Performance per Watt
So what's with the block diagram before? Well, now that you know all the detail and effort that has gone into the
ARM11 processor you can look back at the block diagram and appreciate that while the Raspberry Pi is a very cheap
system this CPU is no toy. For the performance and feature set per watt the ARM11 is nothing short of amazing.
Performance per watt is king in major data centers now.
So the next time you hear someone complain “oh, it's only 700 MHz!” you can retort with “Why, the ARM11's
700 MHz will handle a whole lot more than you think it can.” Now that you understand the architecture you can make
better use of it. You can use the additional instructions or you can rely on the ARM11 to act in a certain way. Go forth
and optimize your code and your hardware around this amazingly cheap SoC device.
There is always a negative to every positive. One unusable function at the moment on the ARM1176JZF-S is the
dedicated DSP core: currently there is no publicly documented API to access this core inside the ARM11 CPU, and this
is unfortunate because our media projects could have made good use of this core.
Pi Eyes
I have talked about the AMR11 side of the Broadcom BCM2835. Now let's talk about the Broadcom VideoCore IV
side of the SoC. This part of the Broadcom BCM2835 is protected by non-disclosure agreements, making it hard for
the open source community to optimize its code and better utilize the VideoCore. This all comes back to the fact
that the driver is supplied as a binary blob. For example, if the VideoCore code were open source it would be allowed
into the Linux kernel, or end users could patch and fix bugs that they come across. Given that the VideoCore's main
audience is the highly competitive mobile phone market it's no surprise that there is an NDA on the design and on
the APIs for this part of the Broadcom BCM2835. What we do know is that the VideoCore can in fact run by itself and
execute limited amounts of ARM code at the moment. Normally the VideoCore chip is paired with an ARM processor
and is just used to accelerate media playback and capture, as is the case with our Pi. The VideoCore supports 1080p
playback and should be able to handle all of our playback requirements quite nicely. You can set how much memory
is assigned as video memory (also known as VRAM) by using different executable and linkable file formats. These files
will have the extension of elf boot files.
The foundation provides three elf files to boot the Raspberry Pi: they control the system/VRAM split.
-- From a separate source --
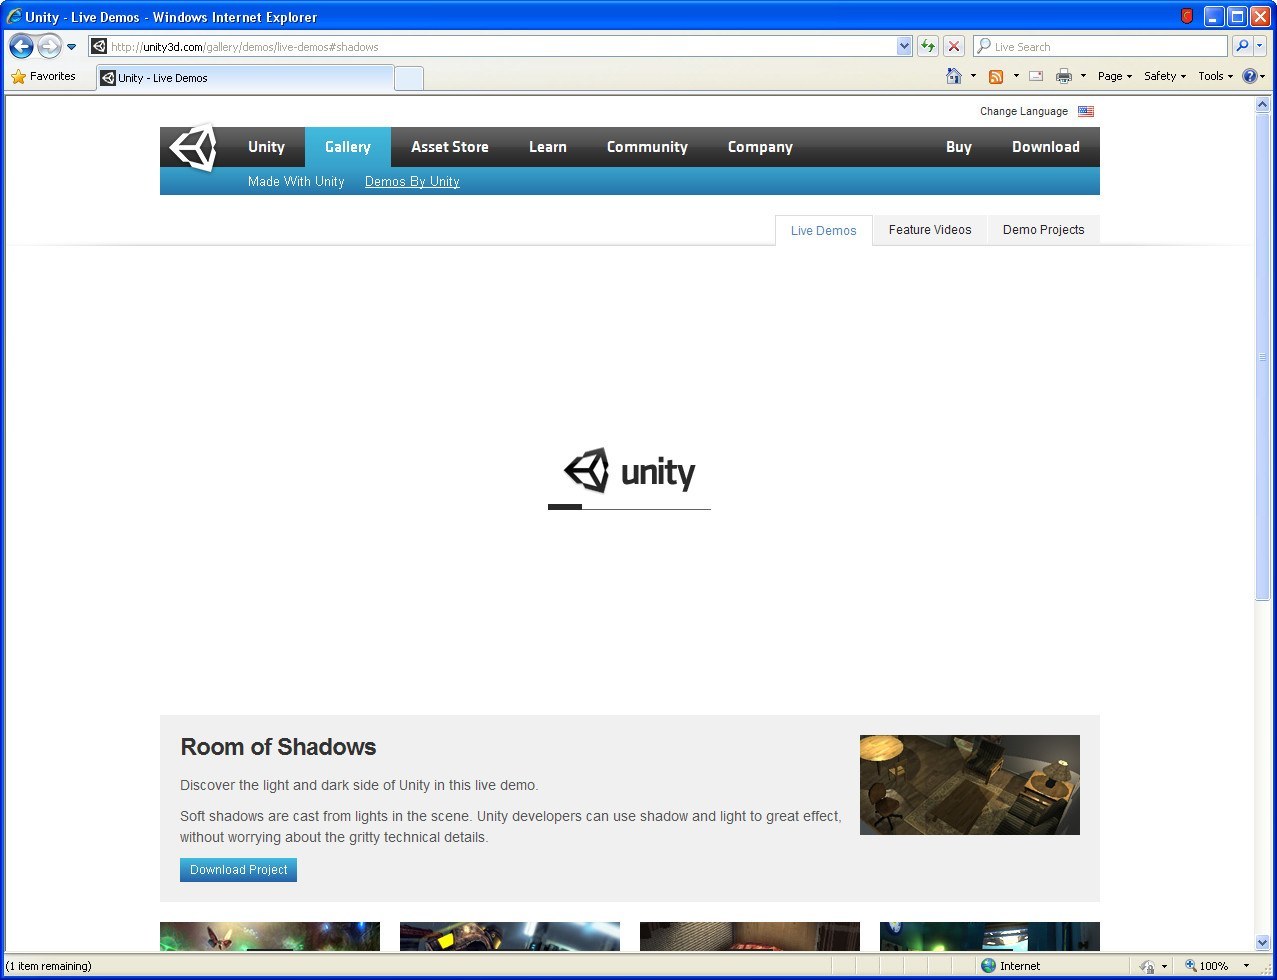 unity web player 2 player games

They
are
arm128_start.elf
,
arm192_start.elf
, and
arm224_start.elf
. The number in each of the file names
determines how much system memory you have, and whatever is left is allocated to the VRAM. So in the case of
arm128_start.elf
you have 128 MB of system memory and 128 MB of VRAM. This file needs to be copied to
/boot
and must be called
start.elf
, otherwise the GPU will not read it when the system starts and your whole system will
fail to boot.
Hang on, you said the GPU reads that? This seems a little confusing: why is the GPU reading a boot file?
Remember when I talked about how the VideoCore GPU can run code? Well, the Raspberry Pi uses the GPU to
initialize the SD card slot and read the
config.txt
and
start.elf
files from the SD card. It then hands off the boot
process to the CPU.